# 20 Gallon Long Dart Vivarium



## kaiden32 (Jul 22, 2014)

Hey everyone, I'm new to the board and I just though I would share my new 20 long viv with all you guys. I have set up a few vivariums before, for crested geckos and one for hermit crabs, and I have had fresh and saltwater reef tanks. My old saltwater tank was a 20 long until I accidentally put my elbow through the front of it and ended up with 20 gallons of saltwater on the floor in the upstairs of my house. So needless to say I have been out of the hobby for a little while. But I love the look of a 20 gallon long tank and I have seen several beautiful vivariums using 20 longs so I decided to give it a shot. This is my first time keeping poison dart frogs, but I am close with someone who has kept them for a while and is breeding them. He offered to give me a couple azures if I wanted them so that's how this all started. They are still a while away from being ready for me but I thought it would be smart to get the system running and get plants in so everything could grow in and such. I have been monitoring the temp and humidity. The temp stays around 70-75 at night and during the day it stays around 77-80~. The humidity fluctuates between mistings but stays around 83-90%. I built a false bottom out of eggcrate and the substrate barrier from Josh's Frogs. I used ABG mix for the substrate and there is a layer of Spaghnum on top of that. The background was made from Great Stuff and covered with brown GE Silicone ii and coco fiber. So far I am happy with how it is turning out.
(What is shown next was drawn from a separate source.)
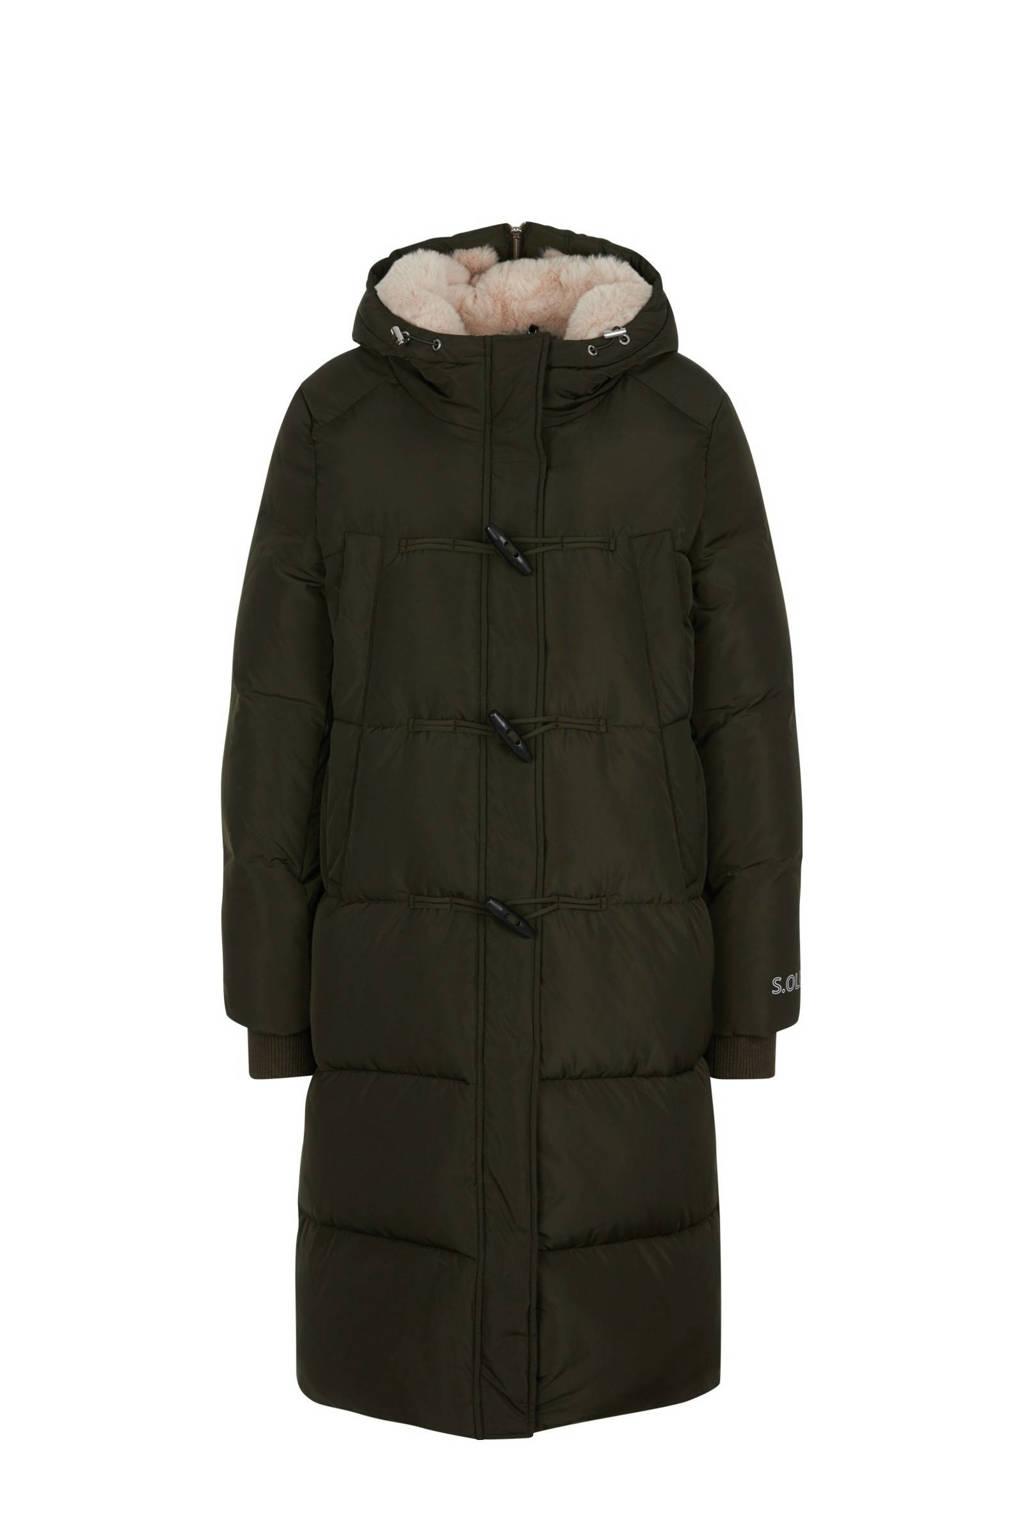 s.Oliver gewatteerde jas donkergroen met teddy voering, Donkergroen

My plan is to go pick up some plants within the next couple days. I am hoping to get a smaller bromeliad in there and some vining plants to go up the background. Any other suggestions for plants? Tell me what you think.


----------



## kaiden32 (Jul 22, 2014)

Some more pictures...


----------



## kaiden32 (Jul 22, 2014)

I went and picked up two small plants for the viv last night. One of them is an Autumn Fern and the other one is some other type of fern. So far they seem to be doing well. I am still looking for a bromeliad to put in there, does anyone know of any good looking ones that stay smaller?


----------



## atlfrog (Dec 31, 2006)

Very nice tank. With a few wandering jews and other ground cover that tank woud rock.


----------



## yerbamate (Nov 3, 2013)

pretty, but for darts, you MUST have ample forage area in the manner of leaf litter that little critters can hide and even thrive in.


----------



## kaiden32 (Jul 22, 2014)

Thanks! I am still working on getting some hiding places and leaf litter and stuff like that. I will keep posting updates as they come.


----------



## kaiden32 (Jul 22, 2014)

Quick update with the new plants and I built a little cave for the frogs to hide in.


----------



## GBR (Jun 7, 2013)

Good start. The water feature reminds me of a chocolate fondue fountain. Haha


----------